The new chairperson of and top Republican on the science committee in the U.S. House of Representatives have teamed up to introduce legislation that would require federal research agencies to adopt a common policy on sexual harassment. The bipartisan bill signals that Congress may be ready to address an issue that has roiled the scientific community and generated calls to punish federally funded researchers found guilty of harassment.
The legislation (H.R. 36) was introduced last week by Eddie Bernice Johnson (TX), the top Democrat on the science panel, and Frank Lucas (OK), the panel’s ranking Republican. It is identical to a bill that Johnson introduced in the fall of 2018. But that proposal was embraced only by Democrats, then in the minority, and it died when the 115th Congress ended.
Democrats are now in charge of the House. And although Johnson can set the agenda for her committee, obtaining Lucas’s support suggests she hopes to do more than simply score political points. A bill backed by the panel’s two senior leaders stands a much better chance of moving through the House with the overwhelming support needed to win over the Republican-led Senate and, ultimately, President Donald Trump.
Johnson calls the bill “an important first step” in making sure women can succeed in science and engineering “without being degraded, harassed, or abused because of their gender.” And she favors taking an approach similar to how the National Science Foundation (NSF) has said it plans to deal with the problem.
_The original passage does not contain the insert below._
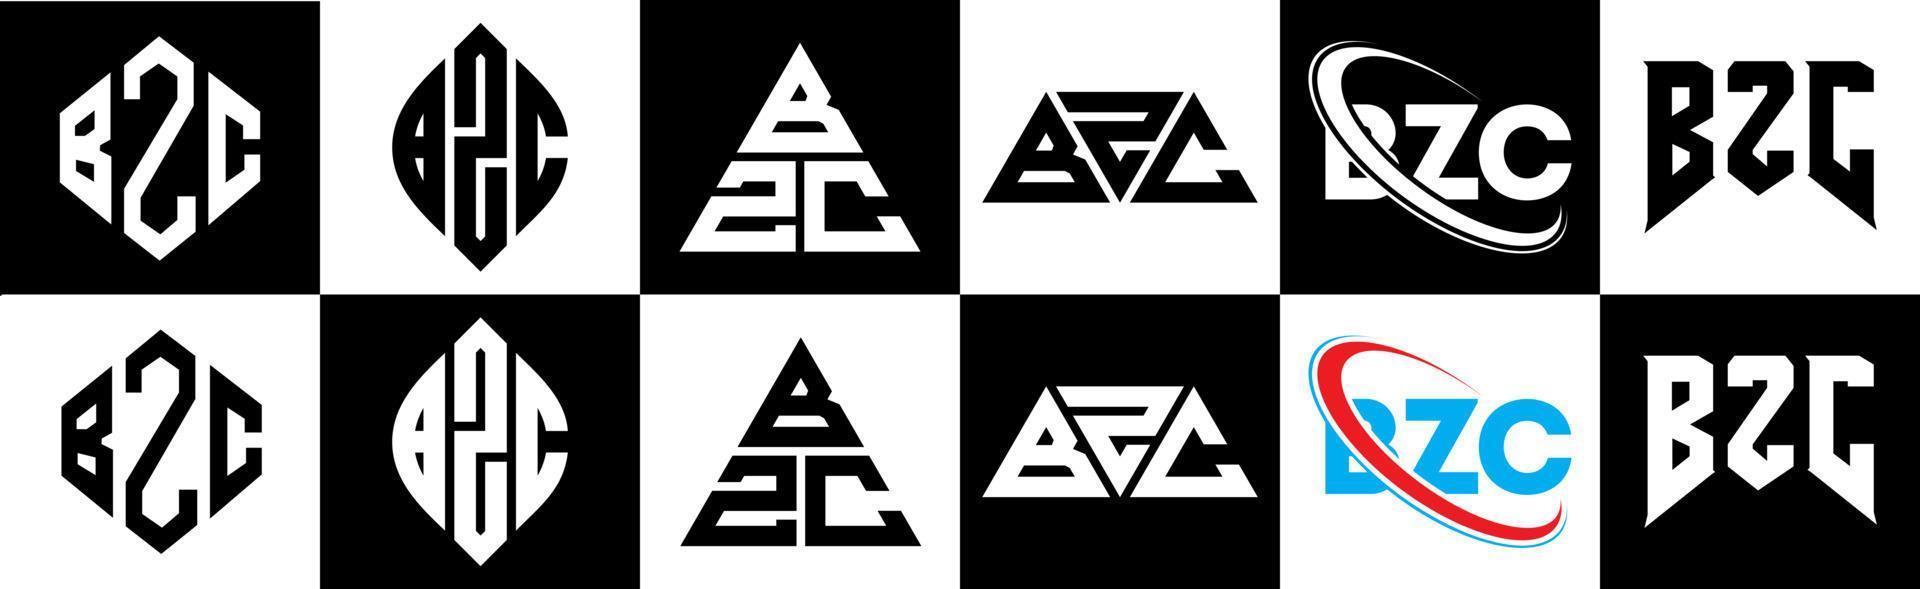 Diseño de logotipo de letra bzc en seis estilos. polígono bzc, círculo, triángulo, hexágono, estilo plano y simple con logotipo de letra de variación de color blanco y negro en una mesa de trabajo. logotipo bzc minimalista y clásico vector

The NSF policy, announced in 2018, requires grantee institutions to tell the agency whenever they have found an NSF-funded investigator guilty of sexual harassment or put that person on administrative leave pending the outcome of an investigation. In the past, NSF and other federal agencies have been caught by surprise by media reports that grantees are being investigated for alleged sexual harassment.
Johnson’s bill directs the White House Office of Science and Technology Policy (OSTP) to come up with “a uniform set of policy guidelines” that research agencies would follow in monitoring the activities of grantees. And it says those new guidelines “shall include” the two reporting requirements that NSF has adopted.
No other federal agency has gone as far as NSF. The National Institutes of Health (NIH) in Bethesda, Maryland, has been under intense pressure from Congress and some outside groups to take a firmer stance against sexual harassment by its grantees. But NIH Director Francis Collins has said the agency faces “legal constraints” on its oversight authority that don’t apply to NSF. Although the science committee doesn’t have jurisdiction over NIH, Johnson sees her bill as a way to remove such hurdles and speed up that process.
The legislation is silent on how federal agencies should use the information they receive from institutions. Representative Jackie Speier (D–CA), a leading voice on the issue, plans to reintroduce a bill she wrote in 2016 that would have required agencies to consider any finding of sexual harassment against a researcher in deciding whether to award them a grant. But Speier has also signed on to Johnson’s bill.
H.R. 36 would give NSF the authority to spend $17 million on research to investigate “the factors contributing to, and consequences of, sexual harassment” and to support “interventions to reduce the incidence and negative consequences of such harassment.” It suggests one of the possible topics could be “alternatives to the hierarchical and dependent relationships in academia that have been shown to create higher levels of risk for sexual harassment.” The bill also calls for a survey of the impact of the problem in U.S. higher education and suggests that OSTP ask the National Academies of Sciences, Engineering, and Medicine to update its guide to responsible conduct in research.